Students hate being wrong, but they will accept being the least wrong in some group pre-designated as wrong (e.g. "students"). Getting them all to compete for that position is essential in a discussion-based class: any student feeling they're out of the running will take refuge in the excuse that they weren't trying - therefore will immediately stop trying so that this consoling theory is never disproved. So you praise what you can in any wrong answer (and you're always trying to ask them things they initially get mostly but not entirely wrong, so that you and they can take turns correcting it, thereby taking the class toward some goal while keeping it awake).

Actually, I'm not saying this is how one should teach, but it's how I'm trying to at the moment and how I've often seen it done. I have no clue if it works.

Students catching on to the fact that teaching proceeds this way come to realize that to not behave like the members of the group pre-designated as wrong behave is the best way to look right and take their place among the elect. One way to prove they're right is to answer questions without looking like they hate it when their answer is wrong - to answer often, and wrongly often, since that's what's being solicited. Looking happy that they're being set straight, happy that a truth is out there for them to find, happy to be tripping and flopping and spinning if each misstep is one more they will not make again and the treasure that much more assured. Note that it's just an appearance: they're still after an A or whatever. But get students to this point and they can learn a ridiculous amount, since leaping's the quickest way forward (and who of us has the guts to do it on our own, most days?). Thinking by leaps, in class or in papers, they'll get somewhere, and more importantly know that they got somewhere (a), can get somewhere (b), can get somewhere by leaping (c).

In my experience not even all graduate students, even those who themselves teach, are quite there.
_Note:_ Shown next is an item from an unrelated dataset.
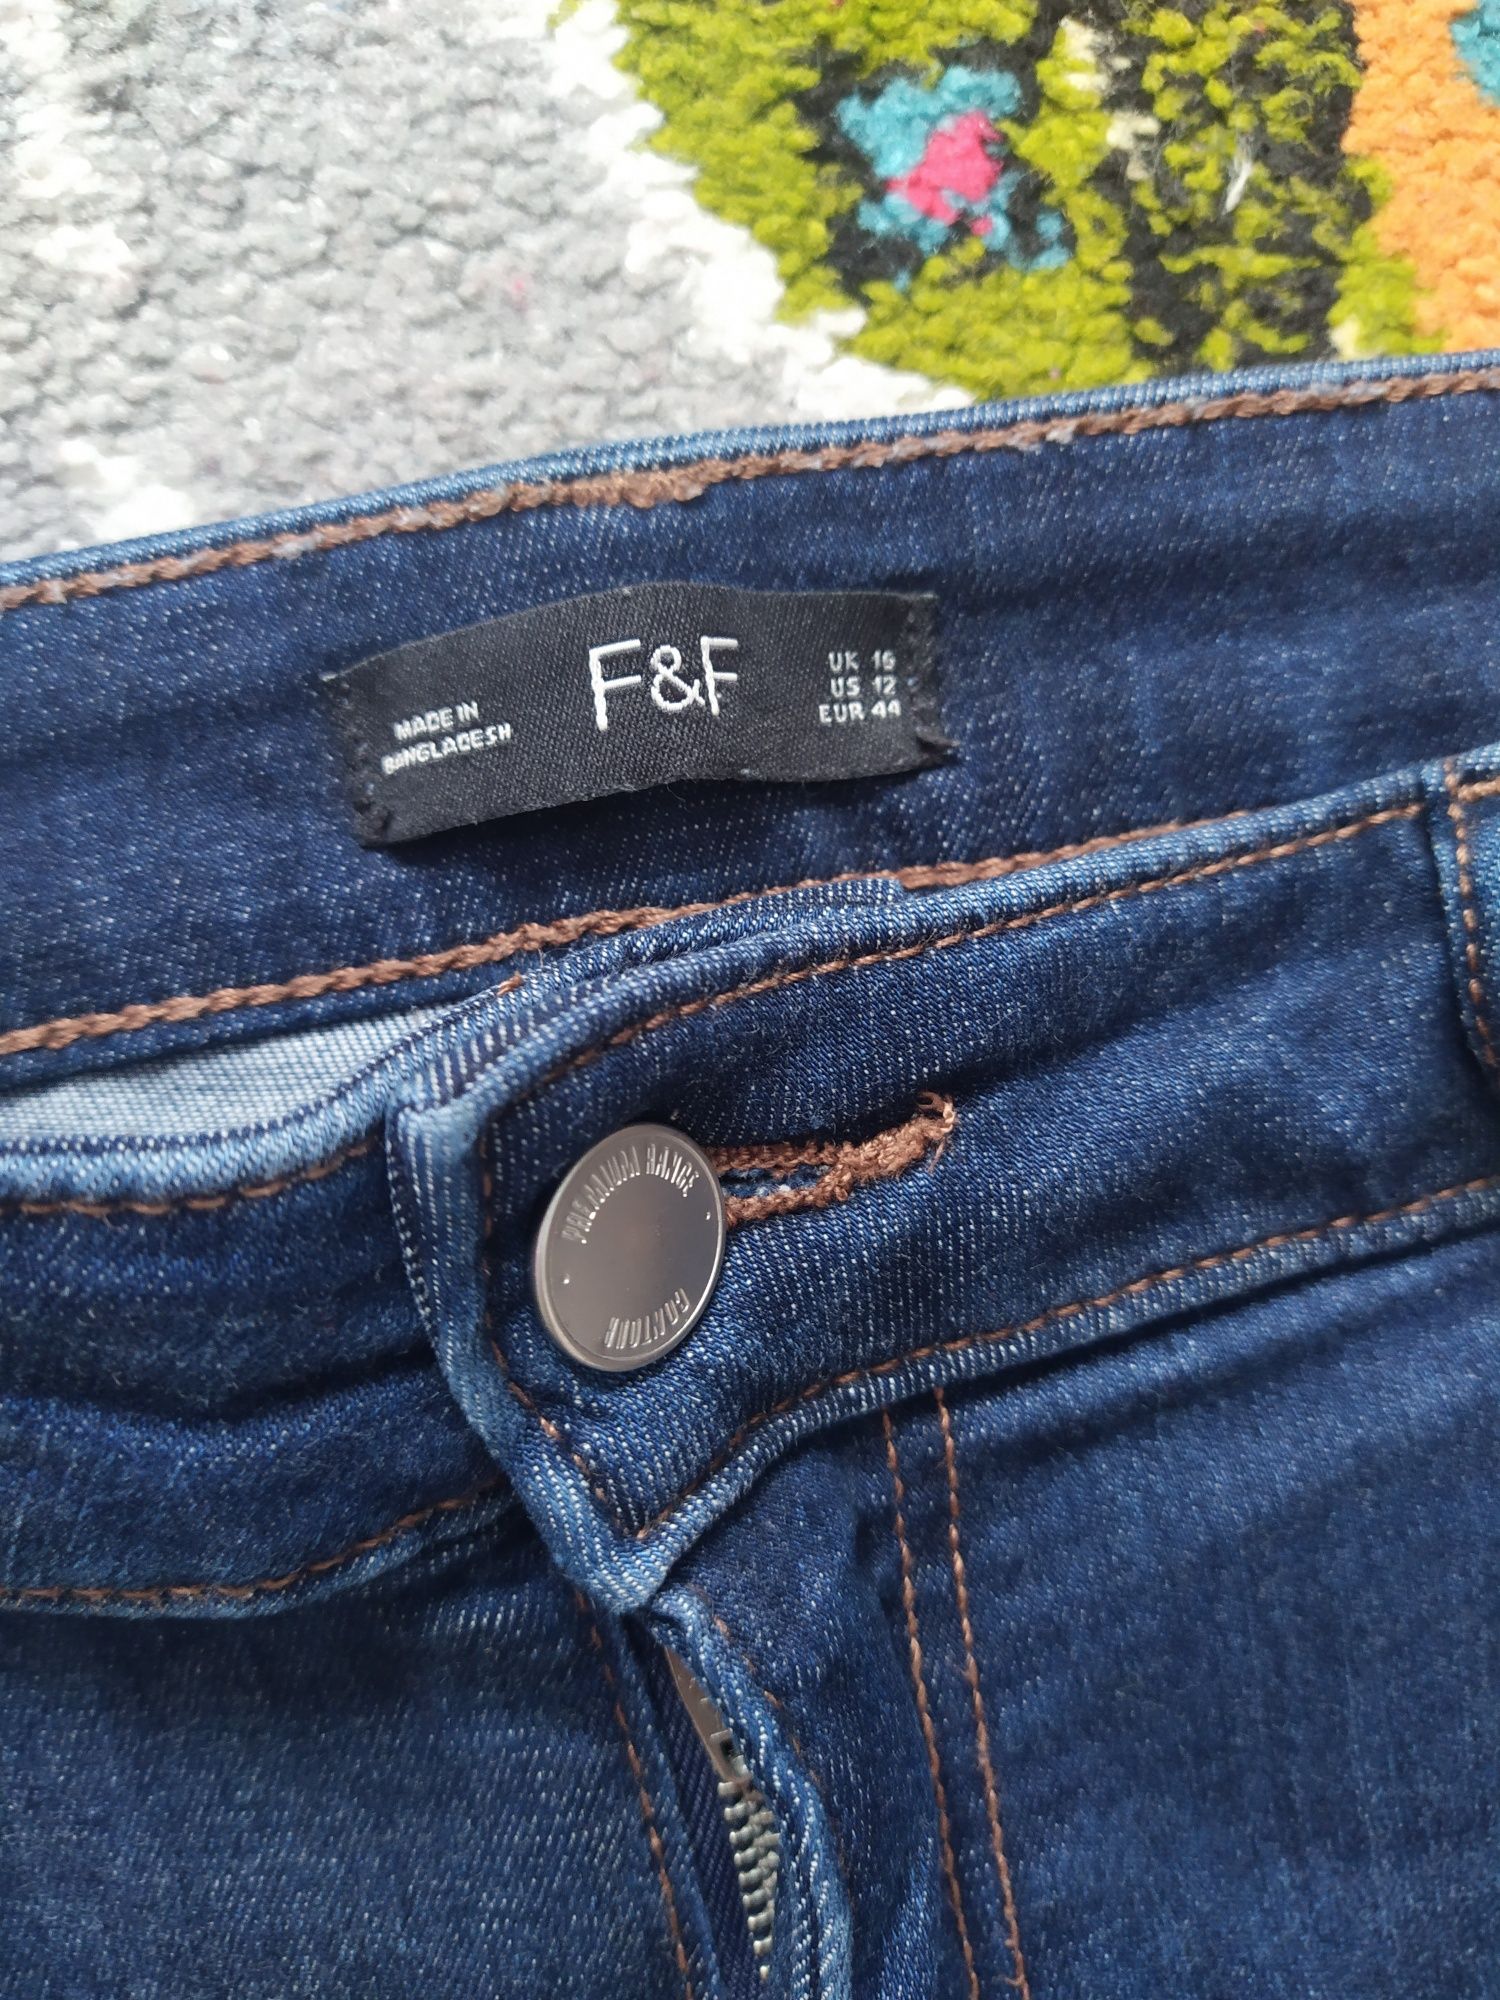 Spodnie jeans f&f r 44

How do you reward the courage to be wrong in a way that can even compete with the natural high of being right, or at least more than offsets the natural low of being wrong?

It's a good thing you don't need to know how to teach to teach. For me, anyway.
proximoception: (Default)
And related to that:

The best way to teach is to not worry about how you might be teaching wrong in general, but to worry about each of the specific major ways you might be teaching wrong. It's probably the same with parenting: consciousness of the process as a process is doubtless an impediment, but various errors of those blissfully unconscious of what they're doing to their kids are much worse than those made by overly self-conscious parents. Categorical fear is panic, is dark pantheism, you against the whole world, can lead to premature surrenders or unnecessary wars. Subcategorical fears, some of them, are good sense.